小明听到这话,立刻从旁边的货架拿出一个银灰色的小型摄像机,他按下开关,摄像机的屏幕亮了起来,出微弱的光。
“爷爷,这个就是摄像机,”他举着摄像机对着老人,又对着货架拍了拍,屏幕上立刻出现了货架的影像。

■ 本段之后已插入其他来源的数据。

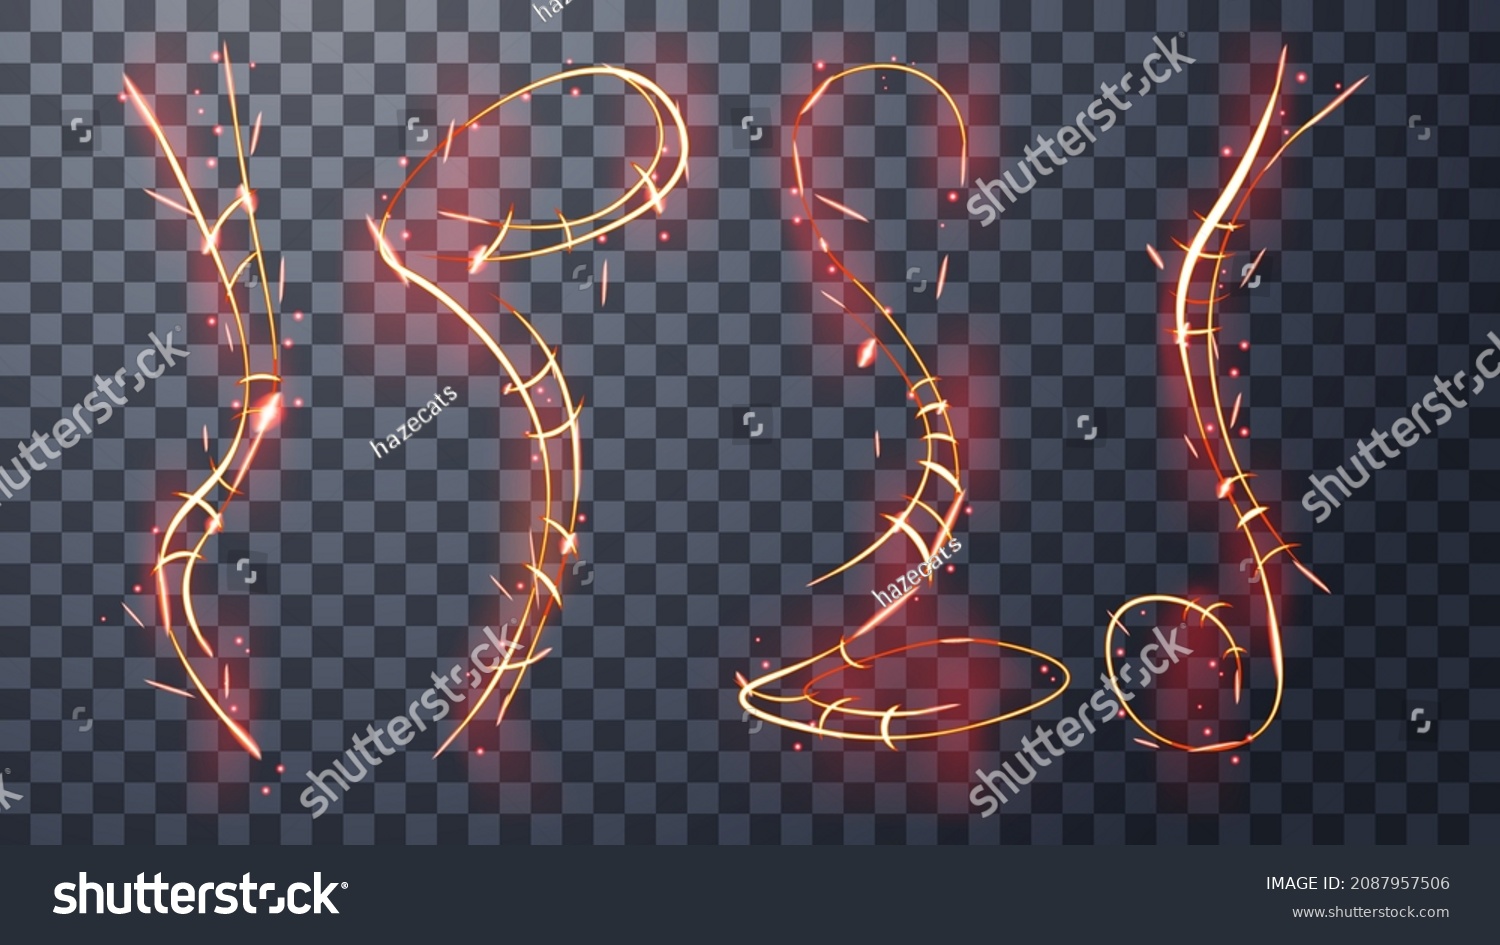 SVG of Modern magic witchcraft symbols. Ethereal fire line, threads and lasso with strange flame sparks. Decor elements for magic doctor, shaman, medium. Luminous trail effect on transparent background. svg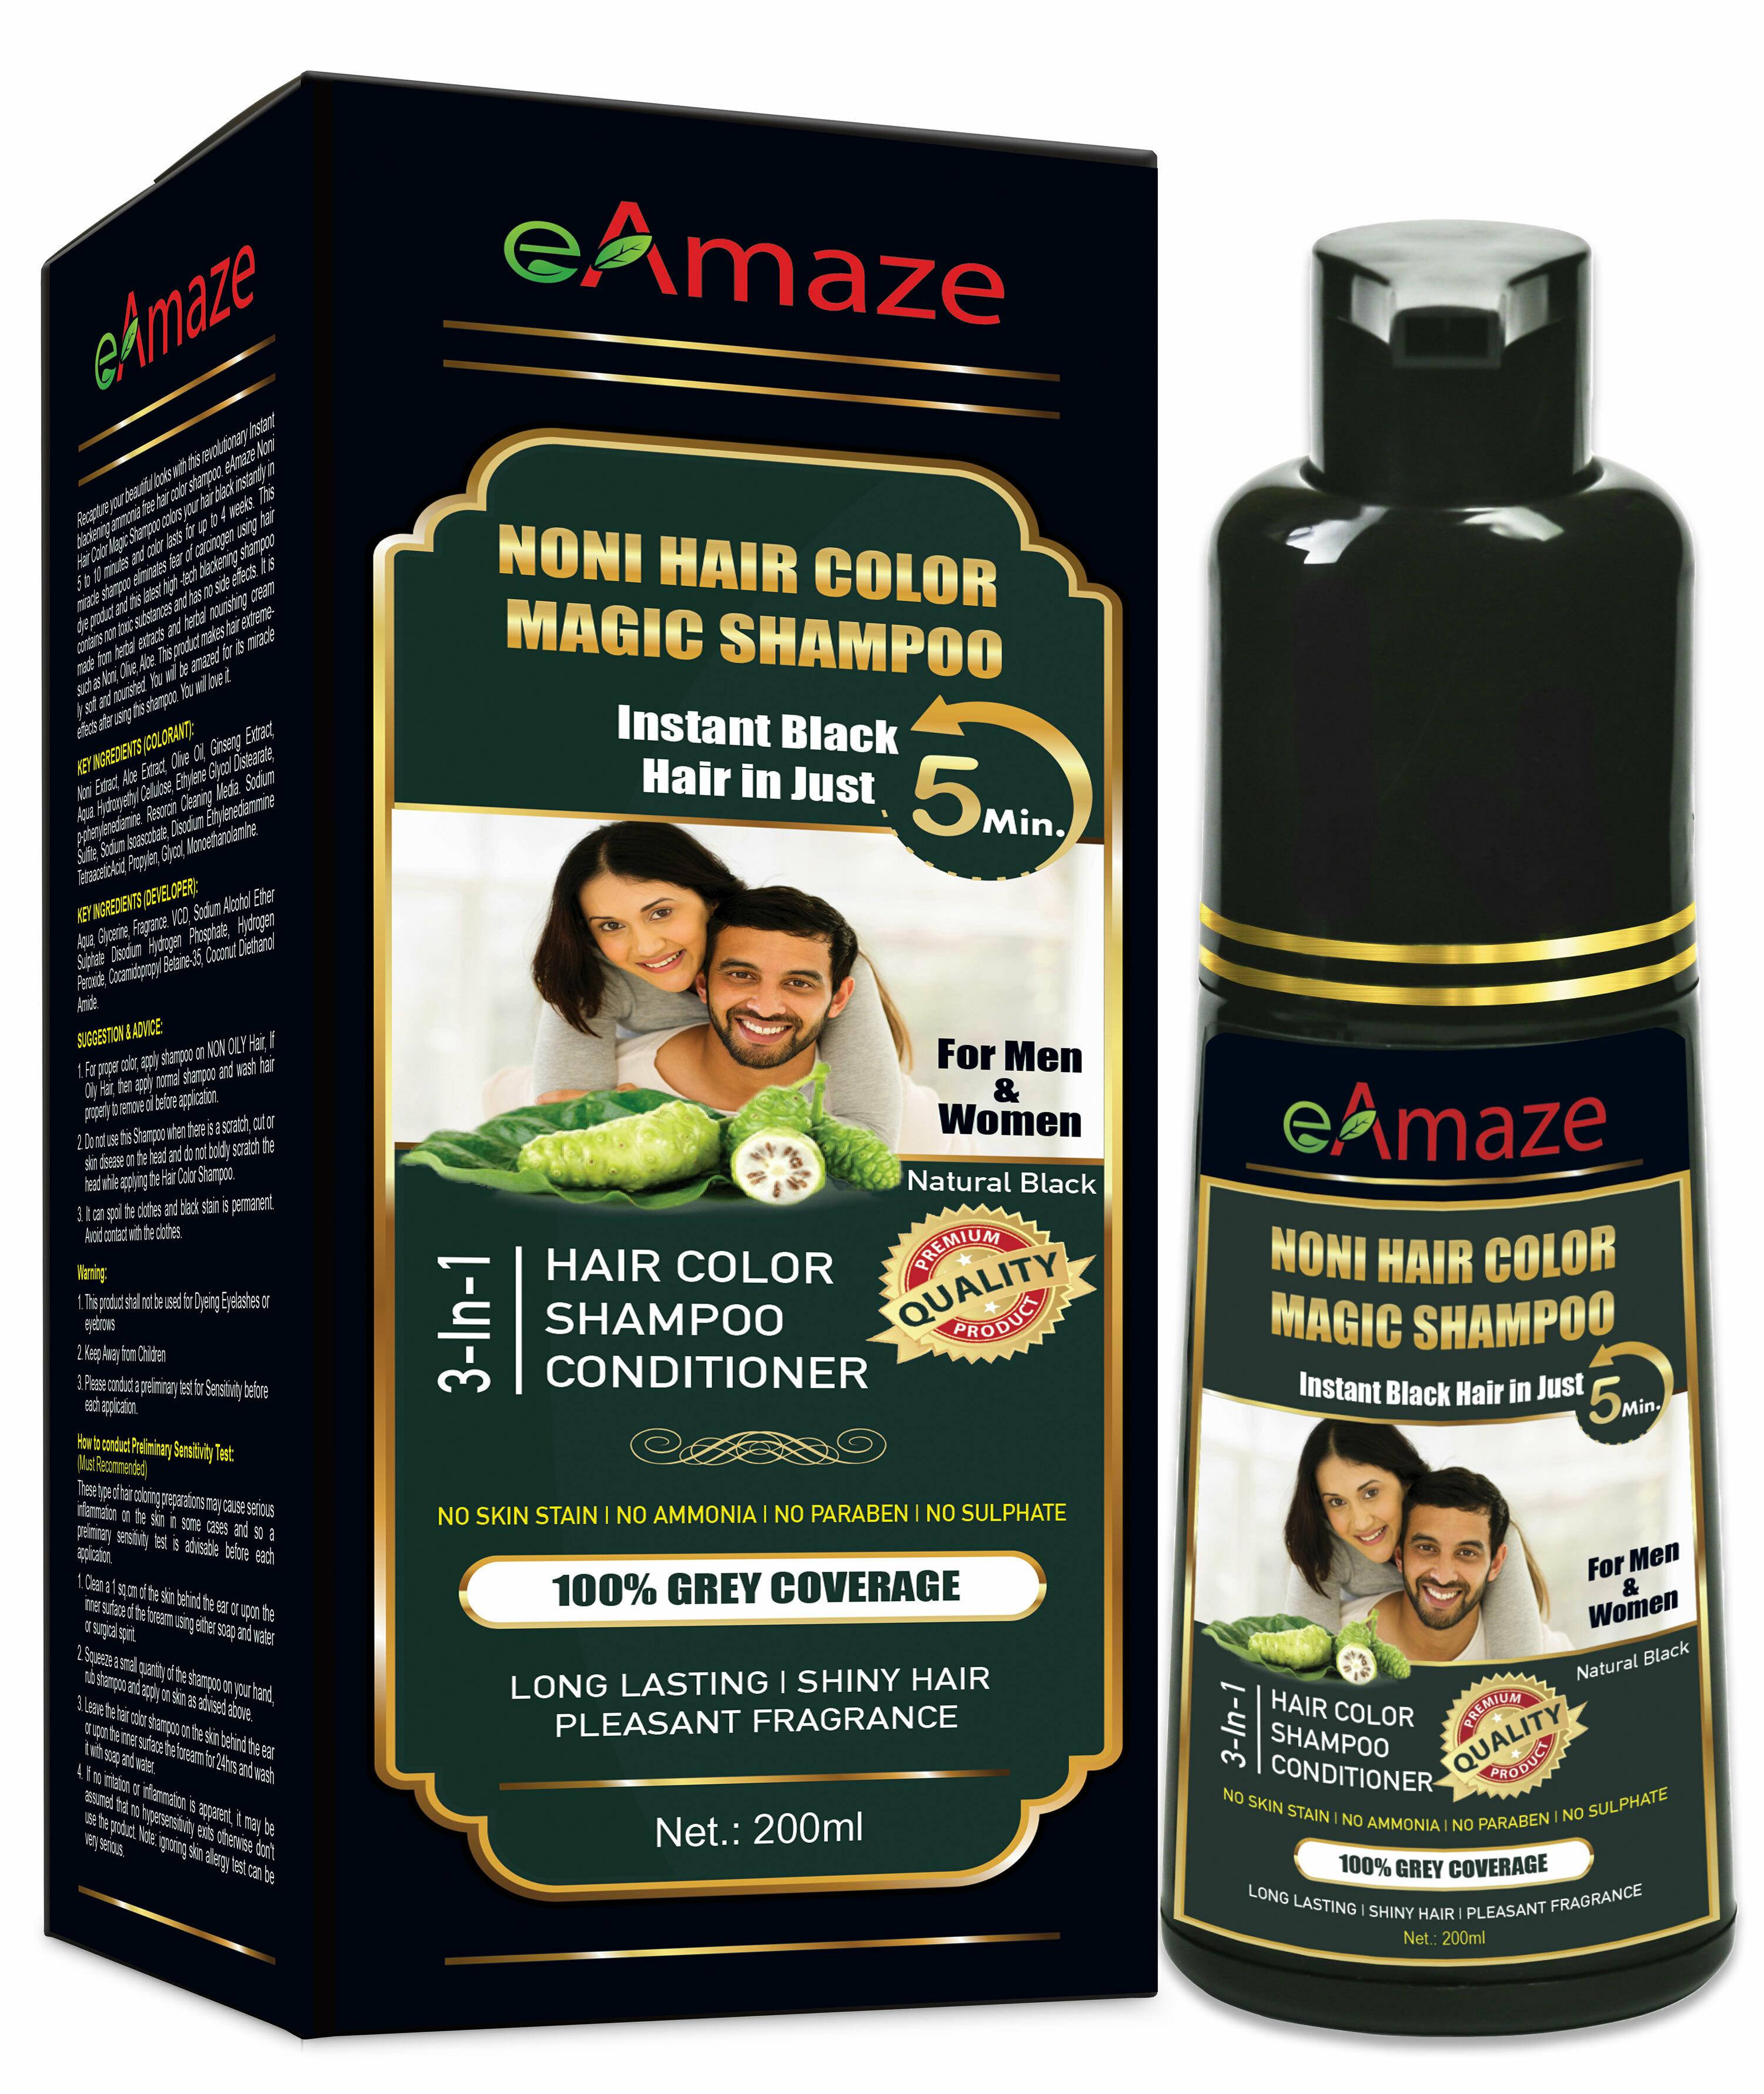 eAmaze Noni Hair Color Shampoo 200ml (Natural Black) Professional Hair  Color at Home | No Skin Stain, No Ammonia, No Paraben, No Sulphate |  Enriched with Noni Extract and Argan Extract - JioMart

“您看,它能把您做事的样子、说的话都拍下来,就像电影一样,存起来之后,什么时候想看都能看,还能给别人看呢。”
他一边说,一边操作着摄像机,给老人演示。
老人的目光紧紧盯着那个小小的摄像机,眼里先是满满的疑惑,眉头也微微皱着,像是在努力理解一个完全陌生的事物。
慢慢的,疑惑褪去,取而代之的是一丝小心翼翼的期待,嘴角也不自觉地微微动了动。
“真……真能行?”他的声音有些颤抖,握着木盒的手也微微抖了起来,眼里闪烁着不敢相信的光芒。
“我这老骨头,做的这点东西,还能留下点什么?”他一辈子都觉得自己做的这些是不起眼的营生,从没敢想过还能被这样“记录”下来。
一直站在柜台旁静静观察的明楼这时走上前,他身姿挺拔,脸上带着温和而坚定的神情,微微颔,语气沉稳。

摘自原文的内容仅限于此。